According to local coverage, the election went off peacefully, but international news and social media were soon flooded with images of civilians being beaten up by masked soldiers on the streets of Harare. Six dead. Parliamentary results came through with only a short delay, but we had to wait four days for the presidential tally. On day three, MDC supporters took to the streets to protest against vote-rigging. Senior figures in the party declared that Chamisa had won. The final result: Mnangagwa 50.8 per cent; Chamisa 44.3 per cent. Chamisa is challenging the result in the Constitutional Court; Mnangagwa has filed for dismissal.

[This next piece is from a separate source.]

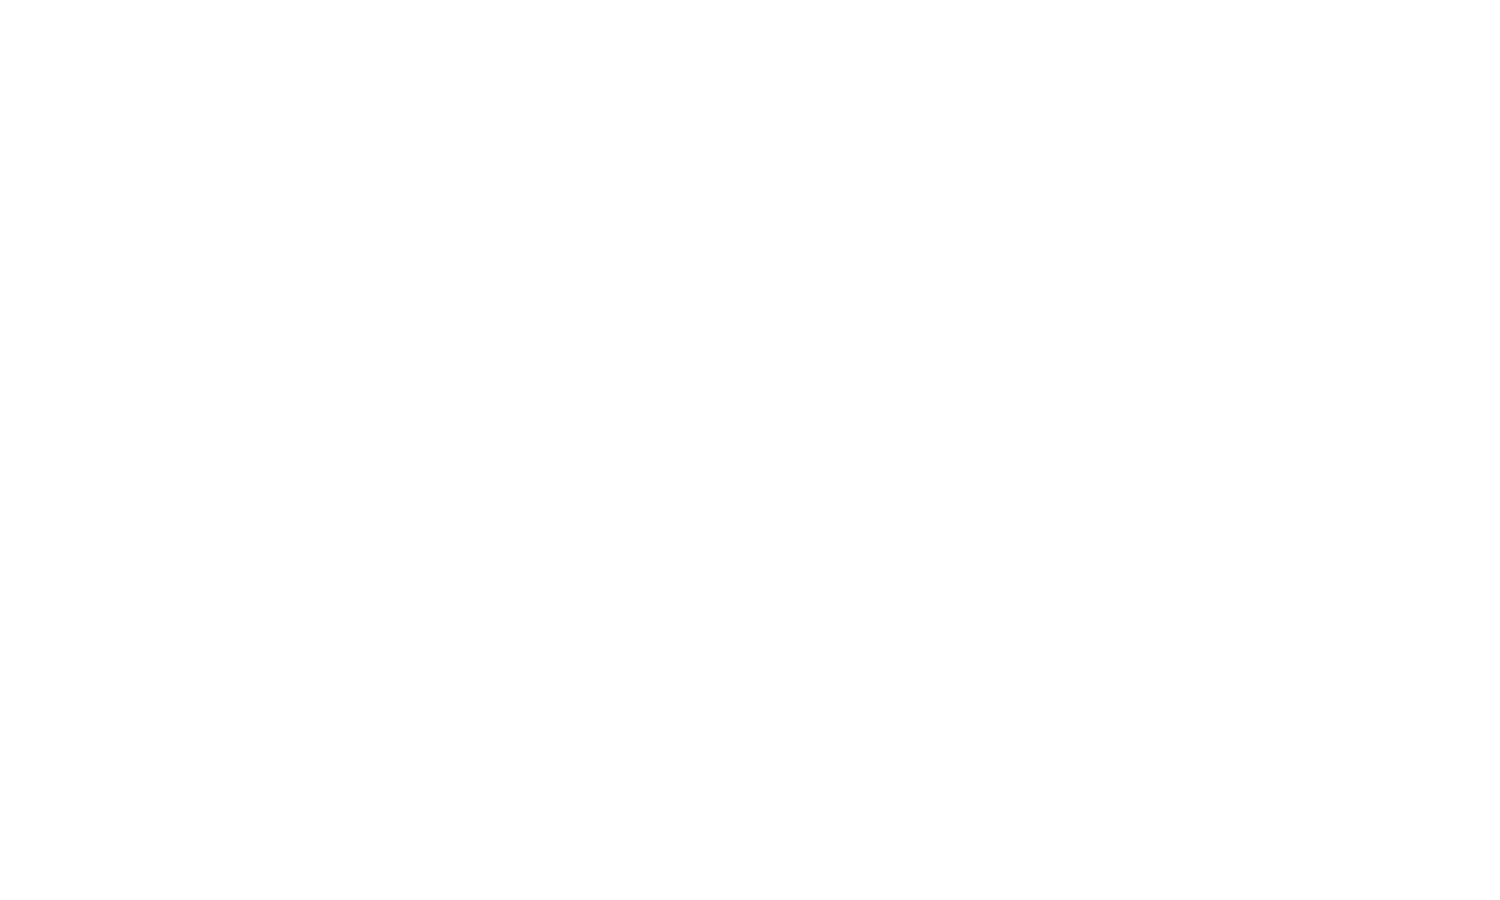 Celeste Kellogg

The president’s biggest challenge is to rescue an economy in ruins. Foreign investment, of which roughly US$10 billion was promised after Mugabe was ousted and Mnangagwa toured the world trying to drum up support, depends on a belief that the country is not about to go up in flames. More practically, a Zimbabwean renaissance requires major work on infrastructure (roads especially) and the return of cash transactions: since the days of inflation rates in the billions (2008) and the issue of the one hundred trillion Zimbabwean dollar note (2009), the country has staggered along as a near-cashless economy, with dead ATMs and bank withdrawal limits at around US$20 a day in government bond equivalents. The informal sector has burgeoned in the debris, with the result that Zimbabwe has next to no tax base. Rugged investors only need apply.

The hunger for foreign investment may be enough to keep violence in check, but will Mnangagwa risk a fully democratic opening? Perhaps before the next election, smaller independent parties will mature and present a serious challenge to both ZANU-PF and the MDC. In moments of dread, I imagine the military gradually increasing its control while Zimbabweans look on in dismay.